=== Task goal ===
Your answer must be only the lines below from the one containing "decka Quality socks" through the one containing "Energielabel Loosduinse Uitleg 32 Den Haag", copied exactly, with the pictures left out.

=== Supplied data ===

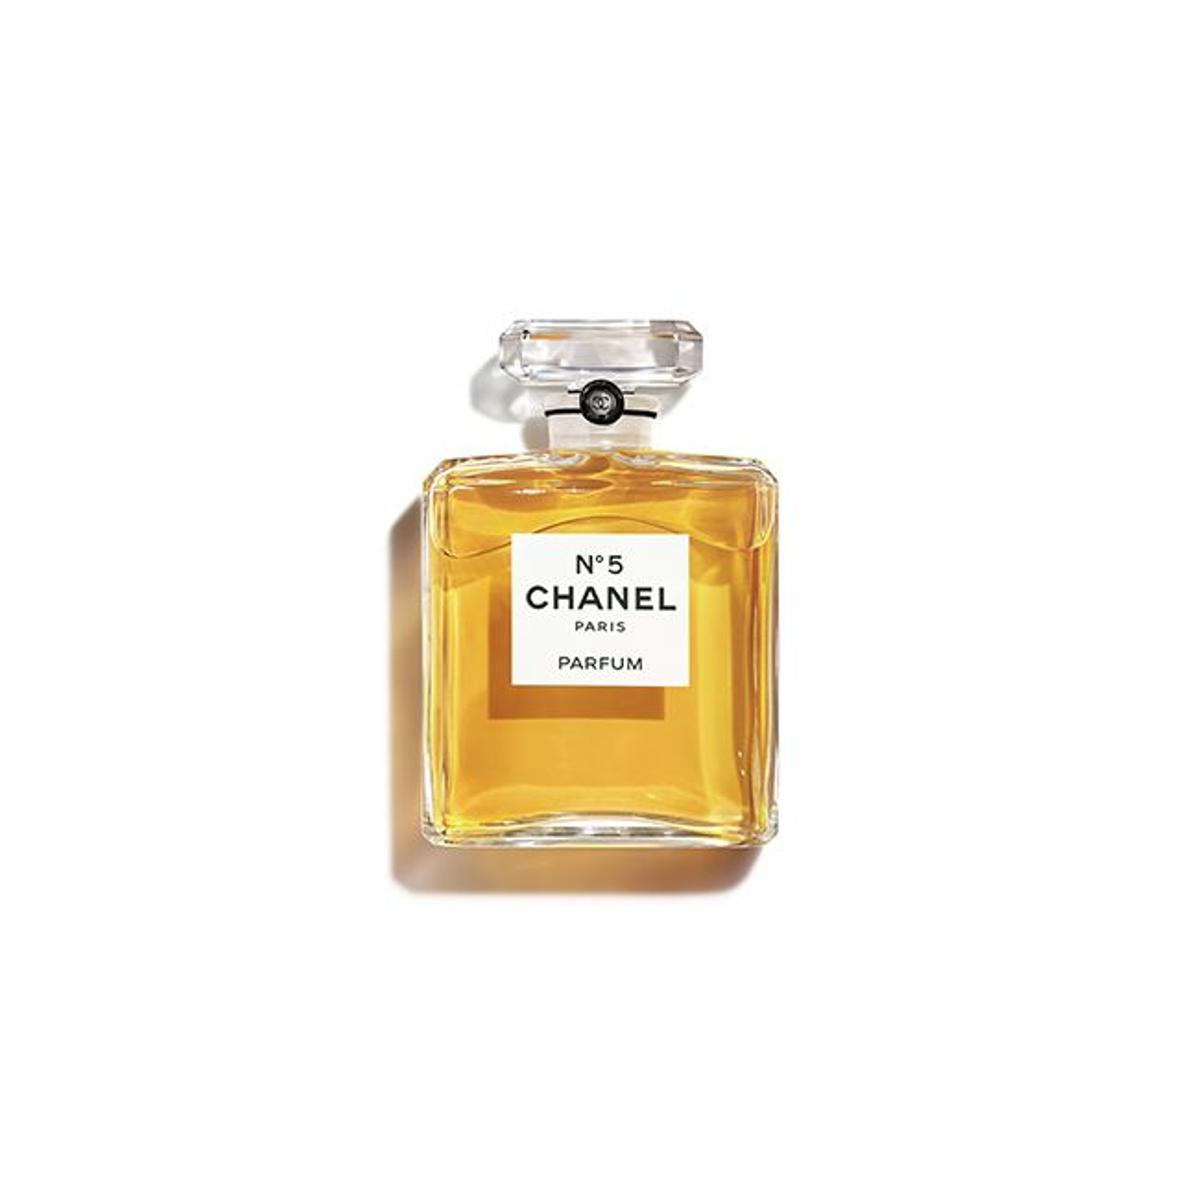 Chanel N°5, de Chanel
==
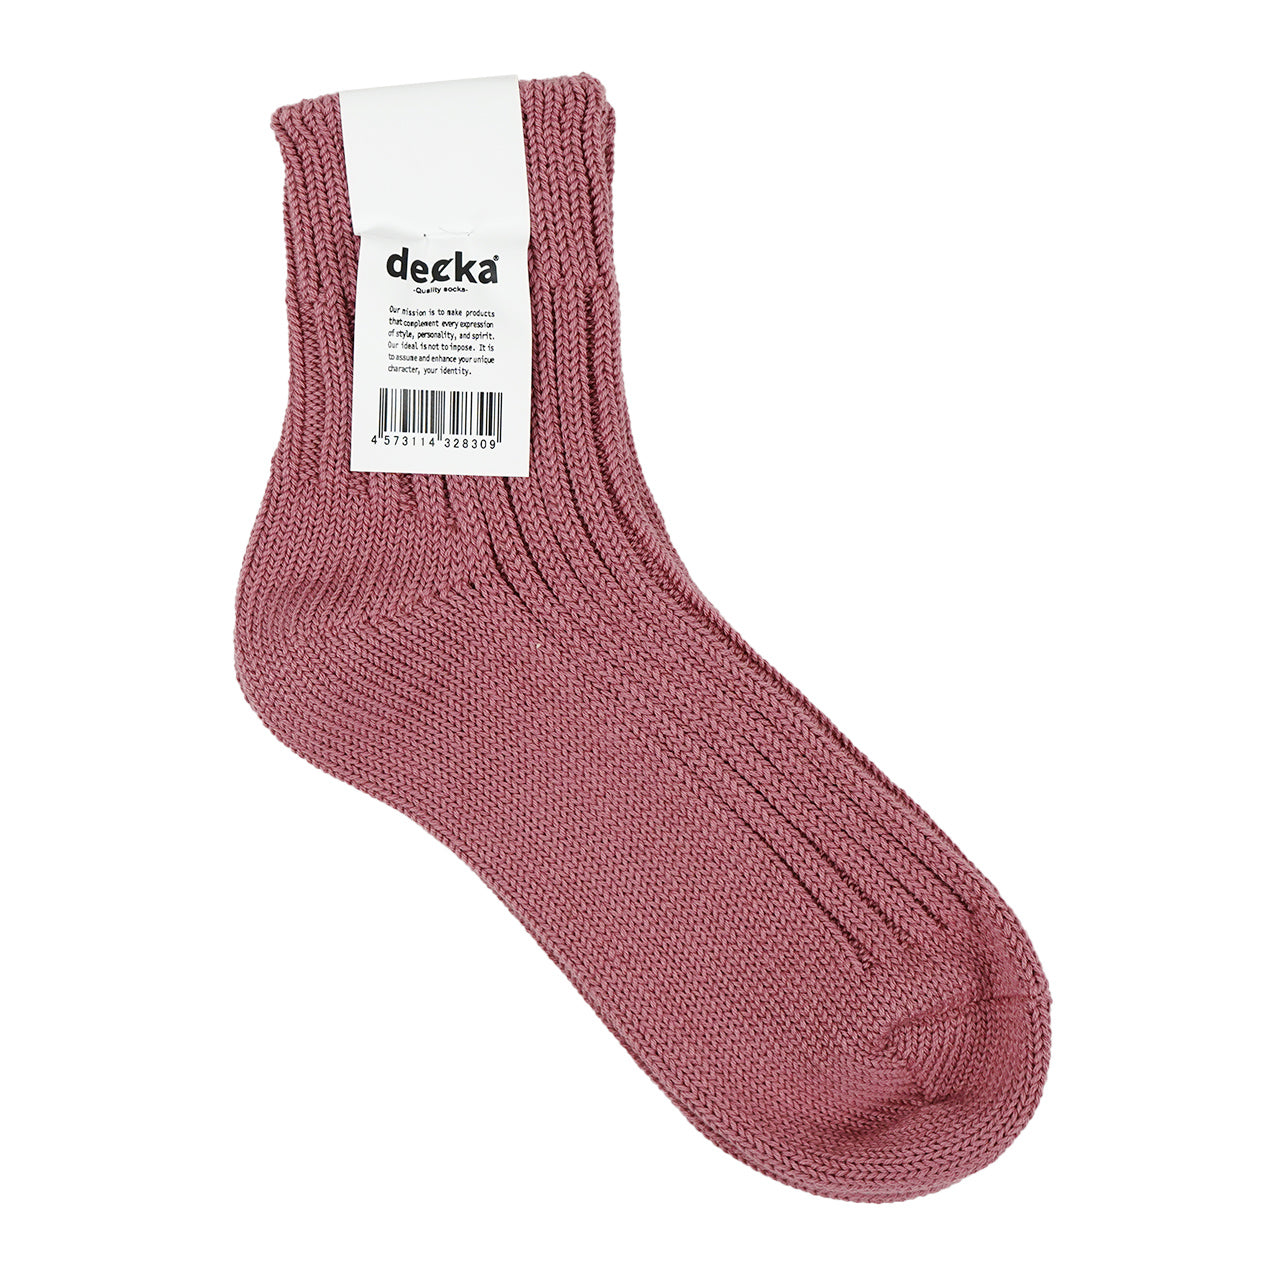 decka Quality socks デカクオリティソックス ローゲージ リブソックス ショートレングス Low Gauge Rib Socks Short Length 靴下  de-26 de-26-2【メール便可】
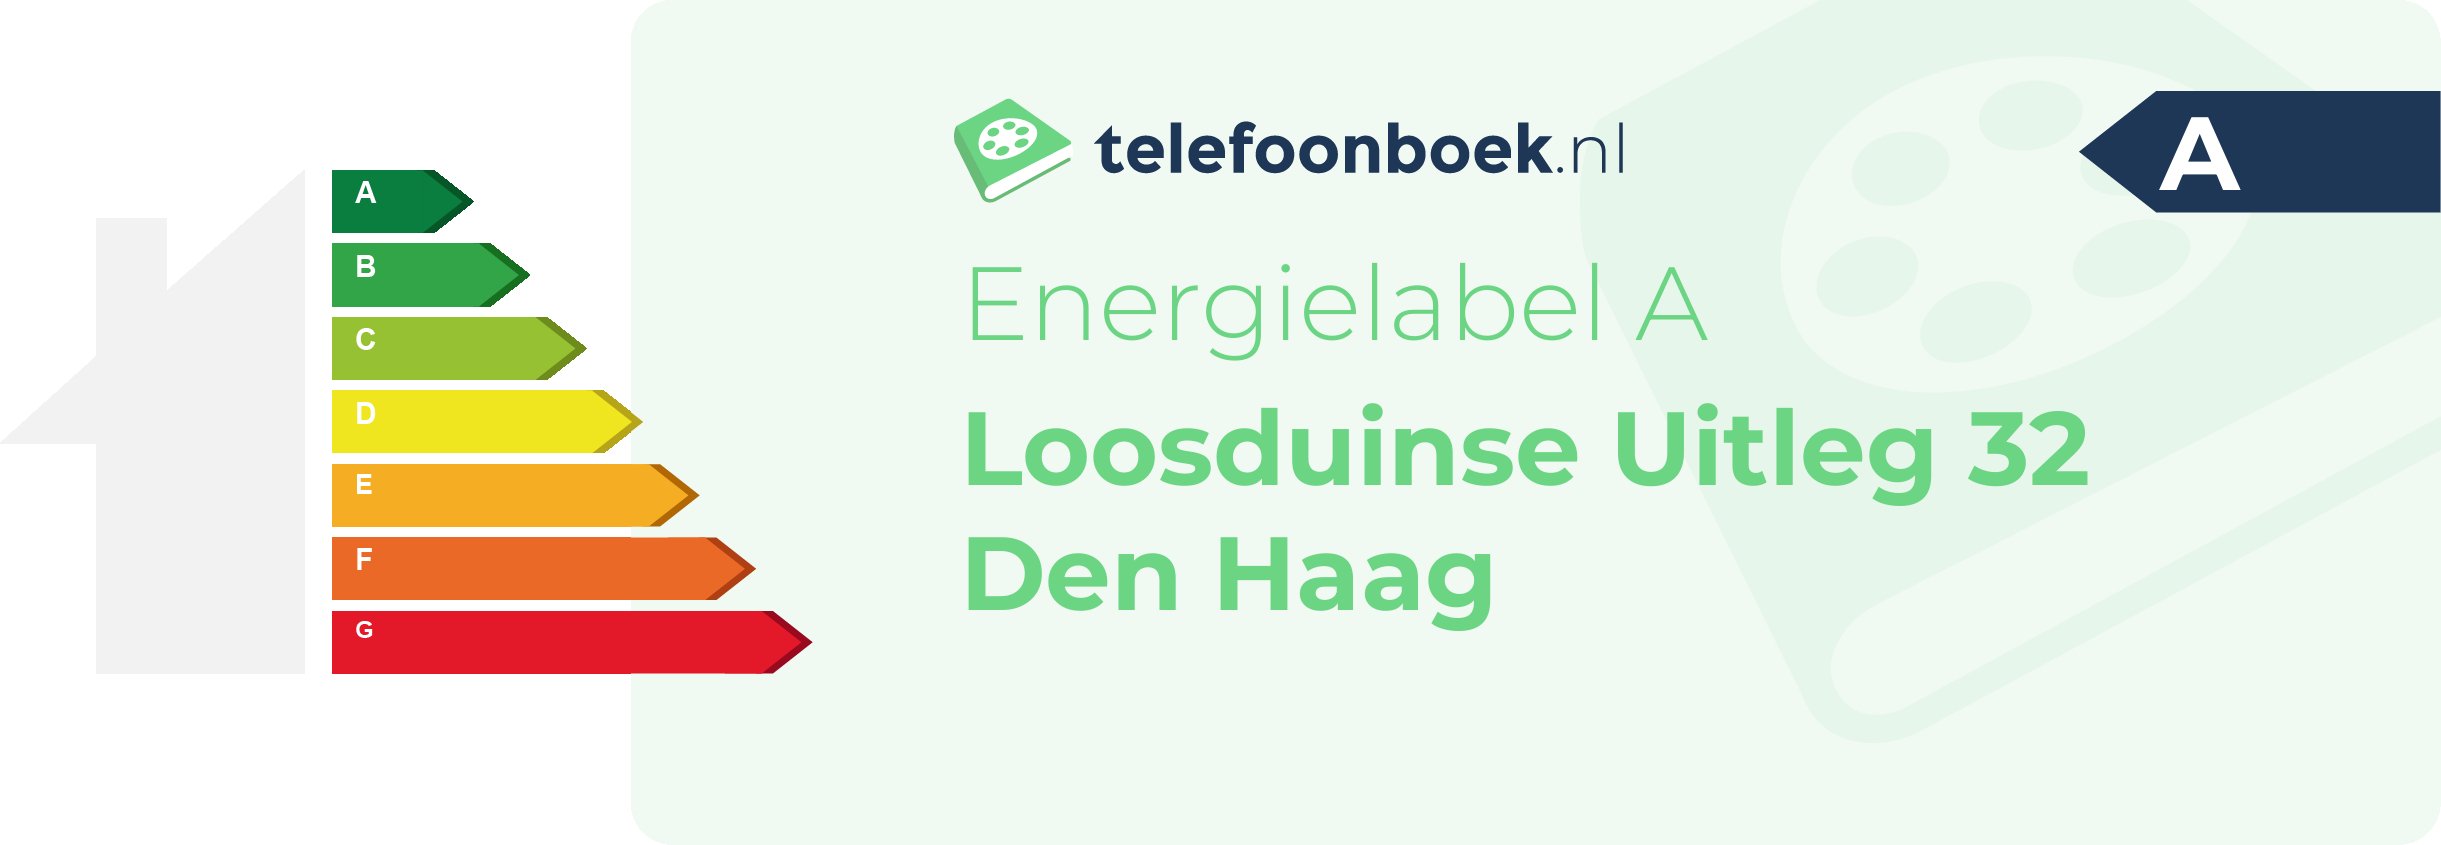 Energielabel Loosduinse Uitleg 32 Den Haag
---
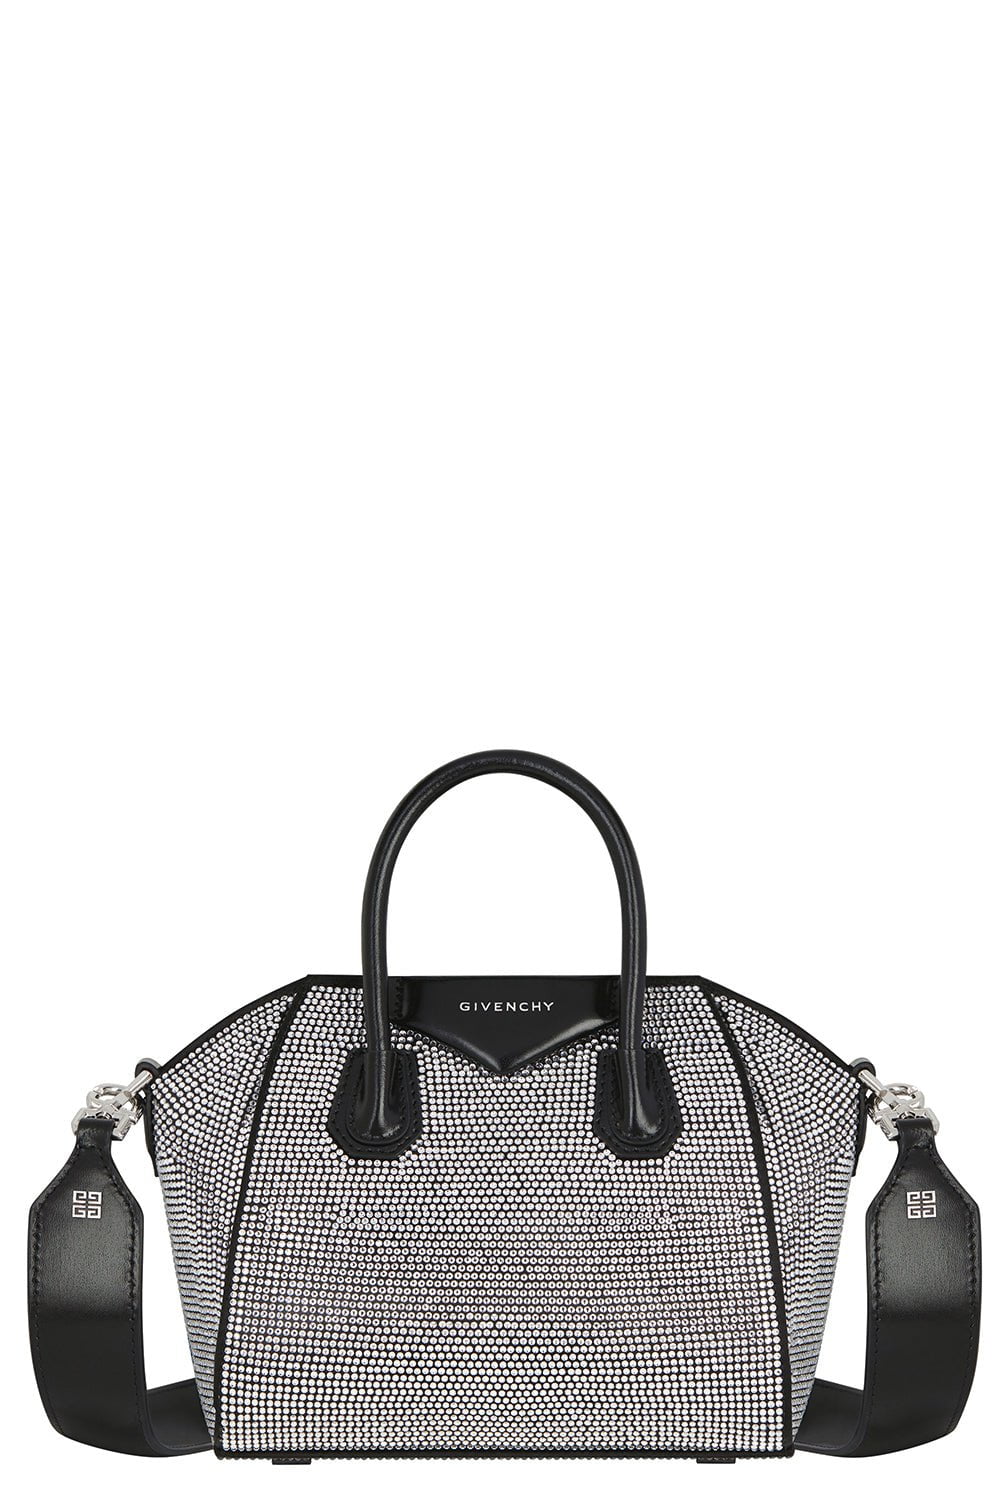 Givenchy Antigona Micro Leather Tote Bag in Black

=== Problem solution ===
 decka Quality socks デカクオリティソックス ローゲージ リブソックス ショートレングス Low Gauge Rib Socks Short Length 靴下  de-26 de-26-2【メール便可】
 Energielabel Loosduinse Uitleg 32 Den Haag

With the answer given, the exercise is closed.